Ramamani widens the lens by citing a 1976 UN Inter-Regional Seminar on Development Planning in Amsterdam, which warned that heavy taxation of productive sectors blunts incentive and breeds evasion, and that lower corporate taxation is consistently associated with faster growth. He calls for tax provisions that encourage the splitting up of unwieldy companies (mirroring the existing relief for amalgamation), rate reductions for smaller companies, removal of disallowances on managerial remuneration and the Compulsory Deposit Scheme, and additional relief on capital gains for plant and machinery.
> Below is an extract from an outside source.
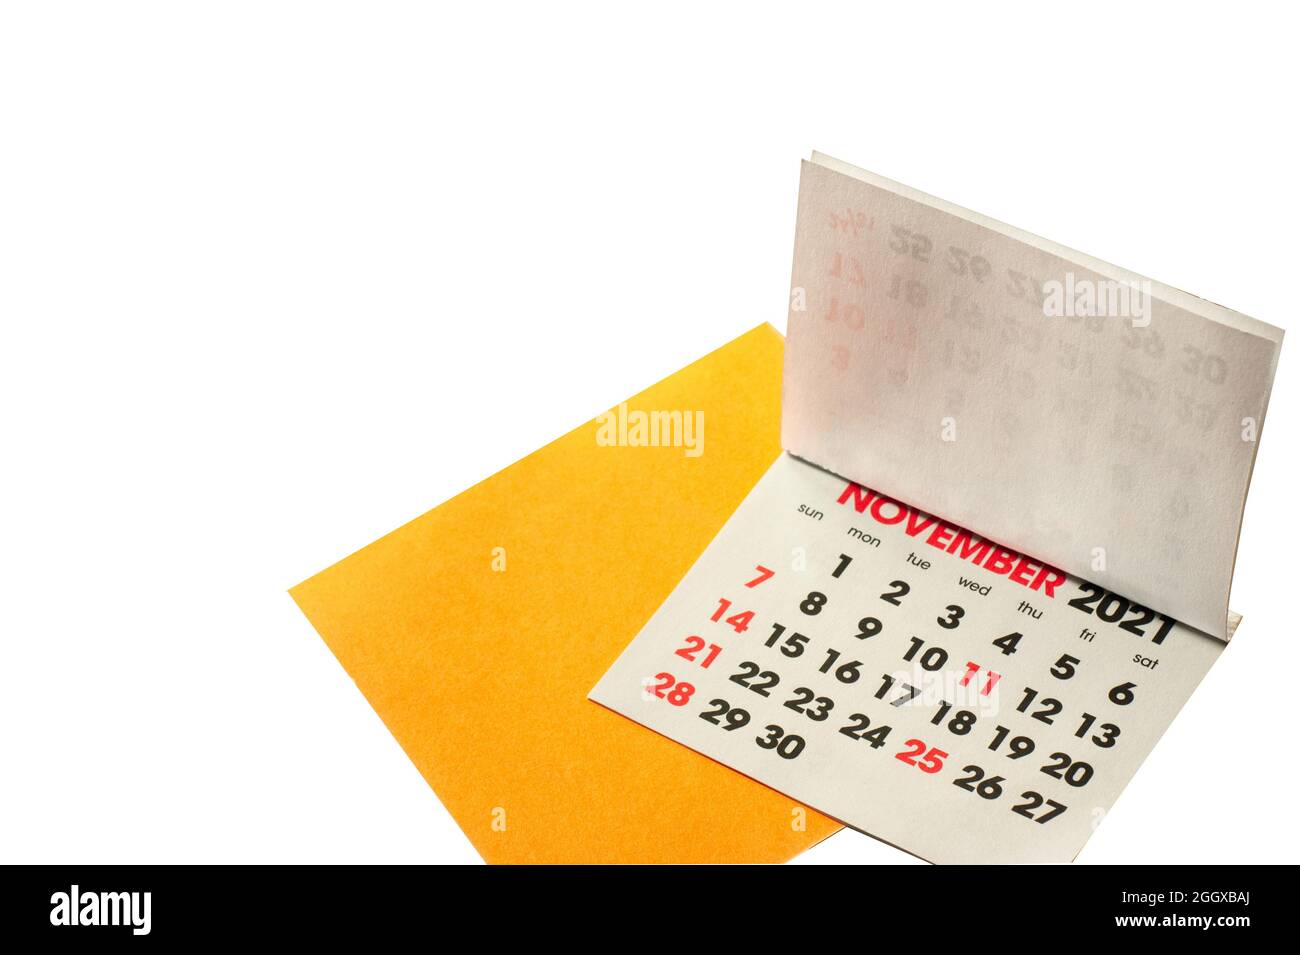 November 2021 calendar with yellow reminder notepaper isolated. The pages of calendar are turned ahead to emphasize November in red. Stock Photo

Pointing to South Korea and Taiwan, he closes with a paraphrase of Francis Bacon: a people overlaid with tax will never be prosperous or honest.

Key points

  • Frames Indian direct taxation as a moral and economic burden, inverting Justice Holmes’s defence of taxes as the price of civilisation.

  • Anchors the argument in Mill’s definition of a direct tax — a levy on the very person intended to pay — and stresses that the system depends wholly on voluntary honest reporting.

  • Disputes the claim that the effective corporate tax rate is around 40%, calling it fallacious and demonstrating how depreciation method, investment allowance and Section 80J relief skew the headline.

  • Argues that many statutory reliefs (notably Chapter VIA deductions) are illusory because they require profits that new industrial undertakings cannot generate in early years.

  • Identifies double taxation of equity capital via the treatment of interest on convertible debentures and dividend distribution as a structural disincentive to raising equity.

  • Cites a 1976 UN Inter-Regional Seminar at Amsterdam to argue that heavy taxes on productive sectors depress output, incentive and honesty, while lower corporate taxation correlates with faster growth.

  • Proposes seven reforms: relief for splitting large companies, rate cuts for smaller firms, restructuring to encourage equity investment, removal of disallowances on managerial and hospitality expenses, removal of the Chapter VIA profit pre-condition, capital-gains relief on selected plant and machinery, and abolition of the Compulsory Deposit Scheme.

  • Invokes South Korea and Taiwan as evidence that pragmatic taxation policy and rapid industrial growth are inversely correlated, closing with a paraphrase of Francis Bacon.